I go to church because I am a follower of Christ, and I am trying to do everything I can to be like him.  I attend three meetings that are one hour each for the same reason.  And today I was given a huge confirmation that there is NOTHING more important than those three hours on Sunday.

Our stake president challenged us to make Sacrament Meeting a personal uplifting and spiritual experience by going to church earlier, focus upon reverence and worship instead of conducting business and visiting.   As we arrived and sat down, I literally felt the spirit so strong just sitting there.  Everyone was quiet, the organist was playing hymns, and I was able to really reflect on the Jesus Christ, and what sacrament means.  I felt so peaceful, and really took in all of the moments during that hour.  It was amazing.

The lesson in Relief Society was about Adversity.  The lesson was from the Teachings of Howard. W. Hunter.  You can read the lesson here.  It's a really good lesson.  When I think about adversity, I think "I'm cool, I don't need any thing else to worry about".  Unfortunately, that is not how things work.

"We see many joys and sorrows in the world, many changed plans and new directions, many blessings that do not always look or feel like blessings, and much that humbles us and improves our patience and faith.  We have all had those experiences from time to time, and I suppose we always will...

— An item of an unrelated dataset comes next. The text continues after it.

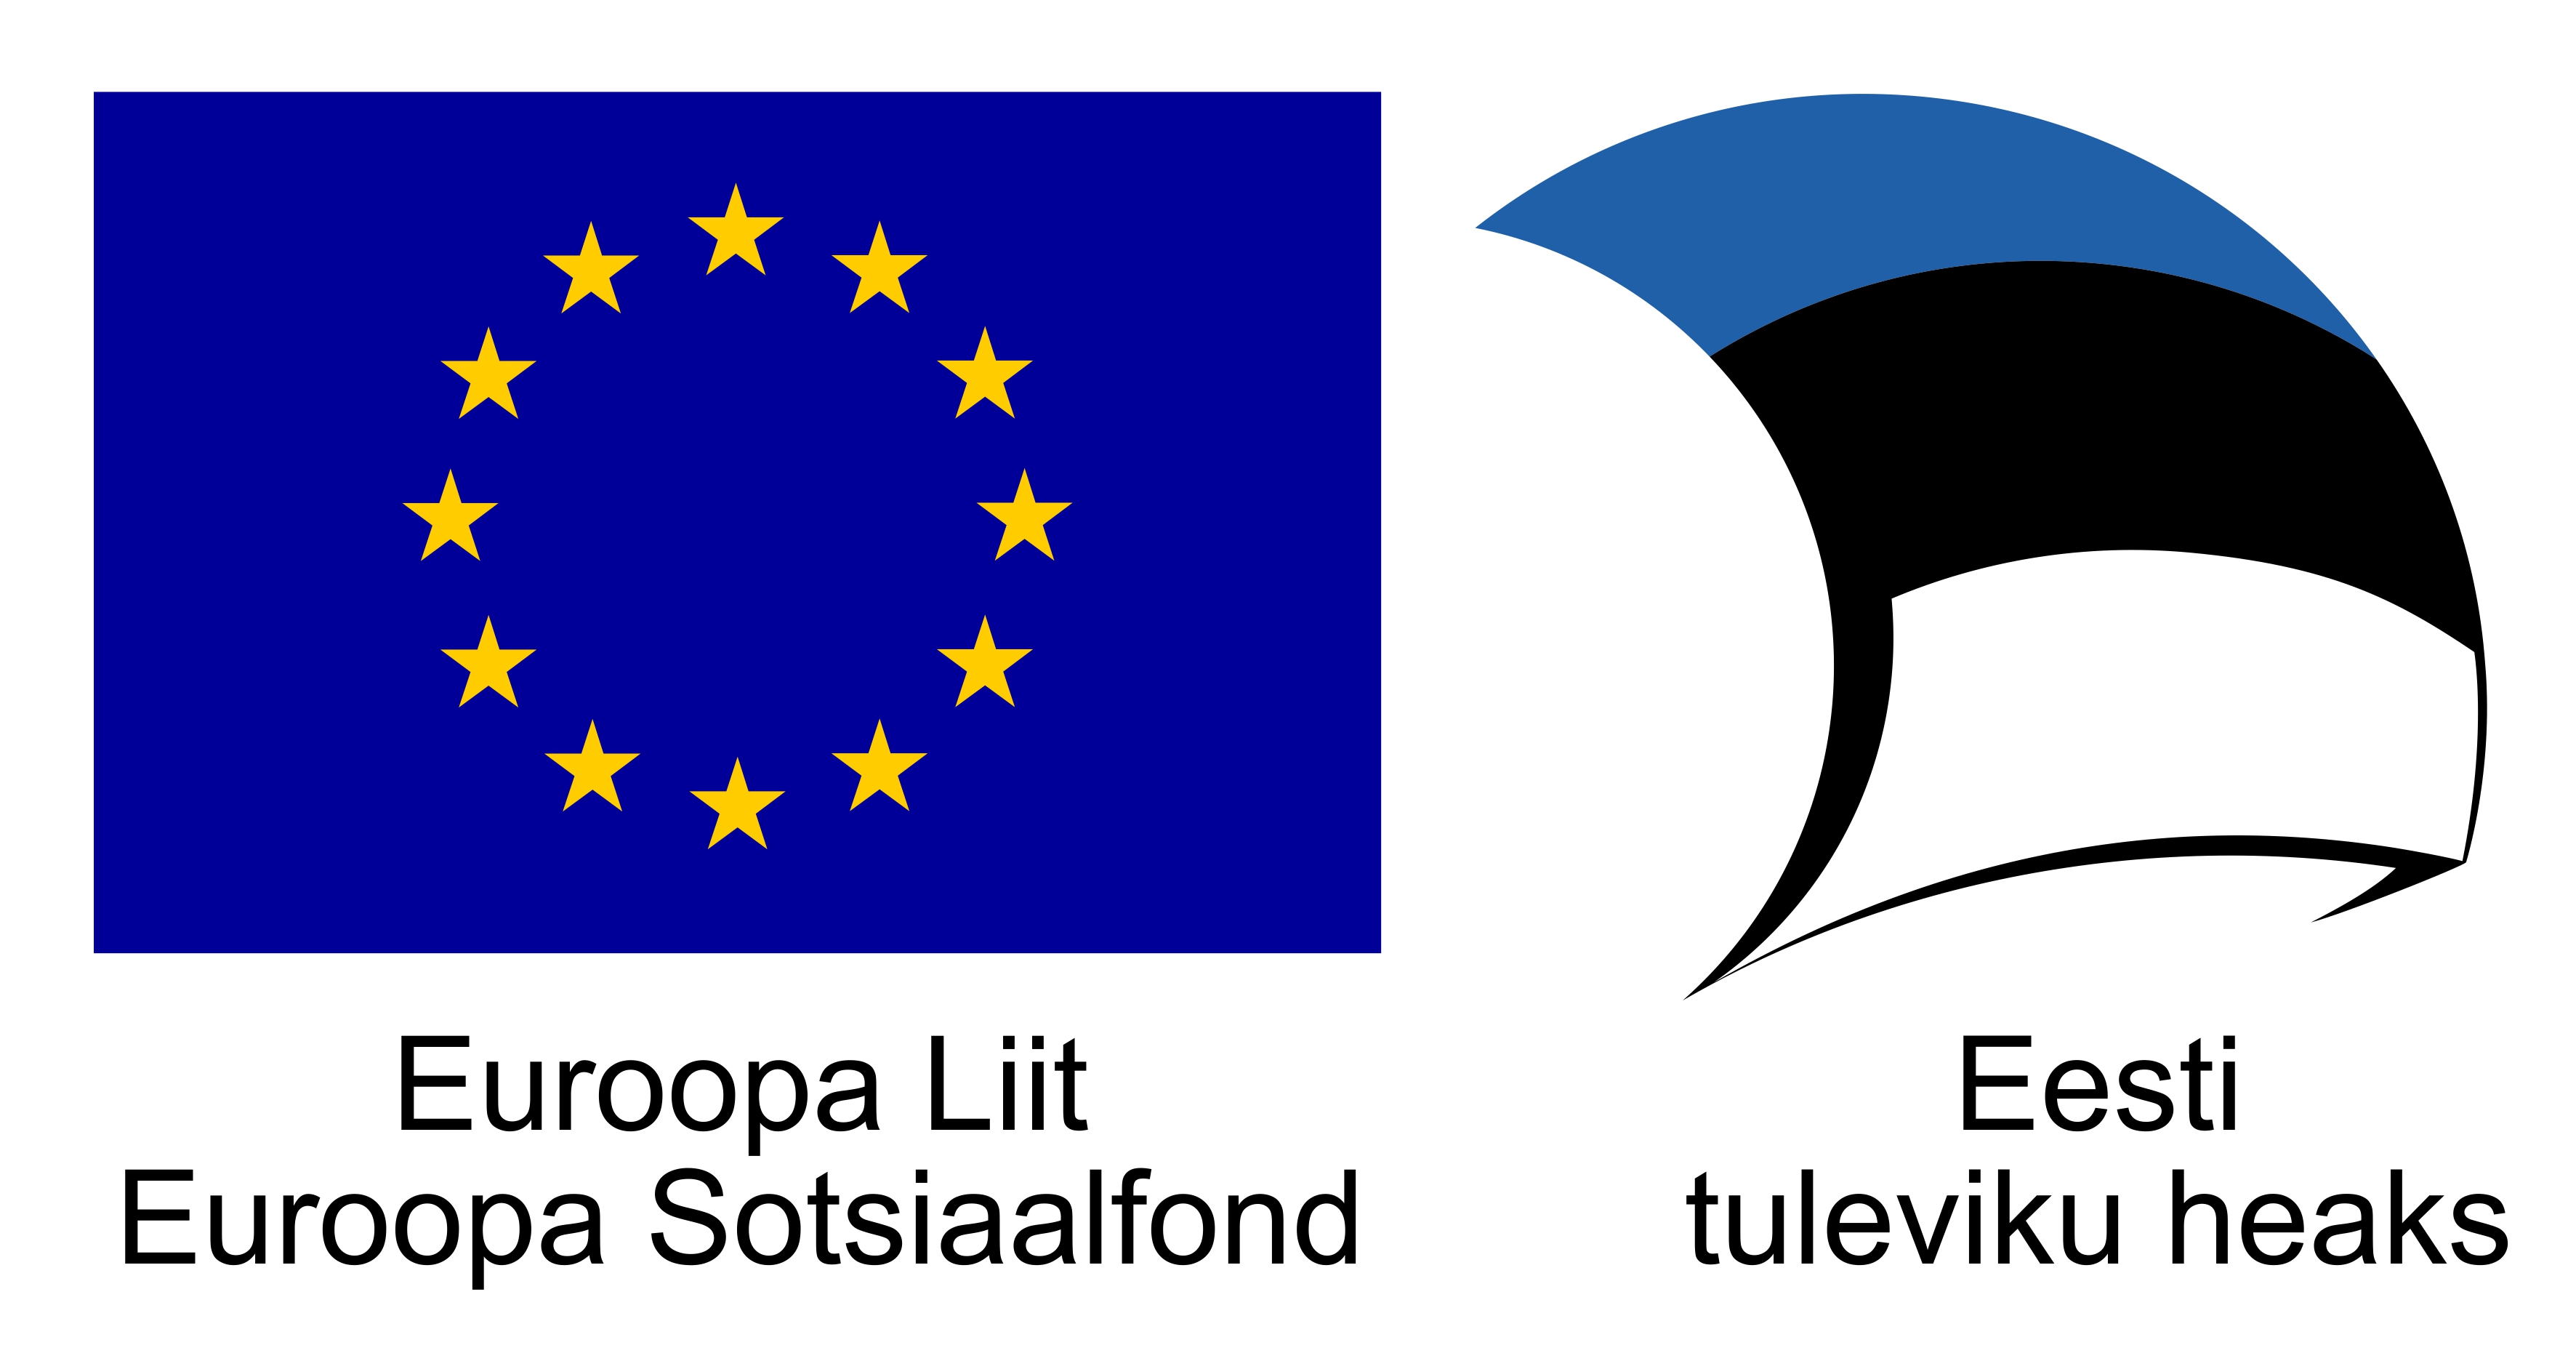 Euroopa Liit. Euroopa Sotsiaalfond. Eesti tuleviku heaks.

I was really moved by the lesson.  The last few months has been really a daily struggle with the beast of adversity.  Dealing with Kalani's mental health issues is hard hard work...daily.  He's learning a new normal, and we are learning how to support him and guide him even when he has hard days.  Today was a hard day.  Mondays aren't easy.  For ANYONE!  But for people who deal day in and day out with anxiety and depression it's the beginning of the week of expectations.  You are expected to go to school, practice, work, etc.  Except thinking about everything you are supposed to do puts you in a tailspin.  And you don't understand WHY it's still hard.  WHY you're not better yet.  WHY you have to fight every day.  Mondays are typically the days my boy is mad.  And wants to give up.  Which means I have to fight harder for him.  And sometimes that means against him.  Because he can't sit at home, he HAS to get out and live life.  So....today was one of THOSE days.  And I got mad too.  Not at Kalani, just at having to fight.  At adversity.  It really is not very fun at all! 

Then I thought of the lesson yesterday.  I felt a degree of comfort and the anger dissipated a little. 

"For it must needs be, that there is an opposition in all things.  If not so, righteousness could not be brought to pass, neither wickedness, neither holiness, nor misery, neither good nor bad".  (2 Nephi 2:11)

Then I received a letter from my missionary.  He had his ups and downs last week for sure.  And instead of me comforting him, he gave me advice.  His wisdom in his 18 years is amazing.  He sent me this picture.  


In the last two days I have been bombarded with this lesson. Ok God,  I get it.  Adversity is necessary.  And I can choose to be mad, sad, or whatever, or I can learn from it and move forward.  Move forward I will.  And so will my boy.  We will overcome this challenge.  

I need these lessons, I need to be fortified so that when my day goes south, I can pull up my pants and move forward.  I love this gospel.  I love Jesus Christ, and I know that through His sacrifice my son's mind will be whole again.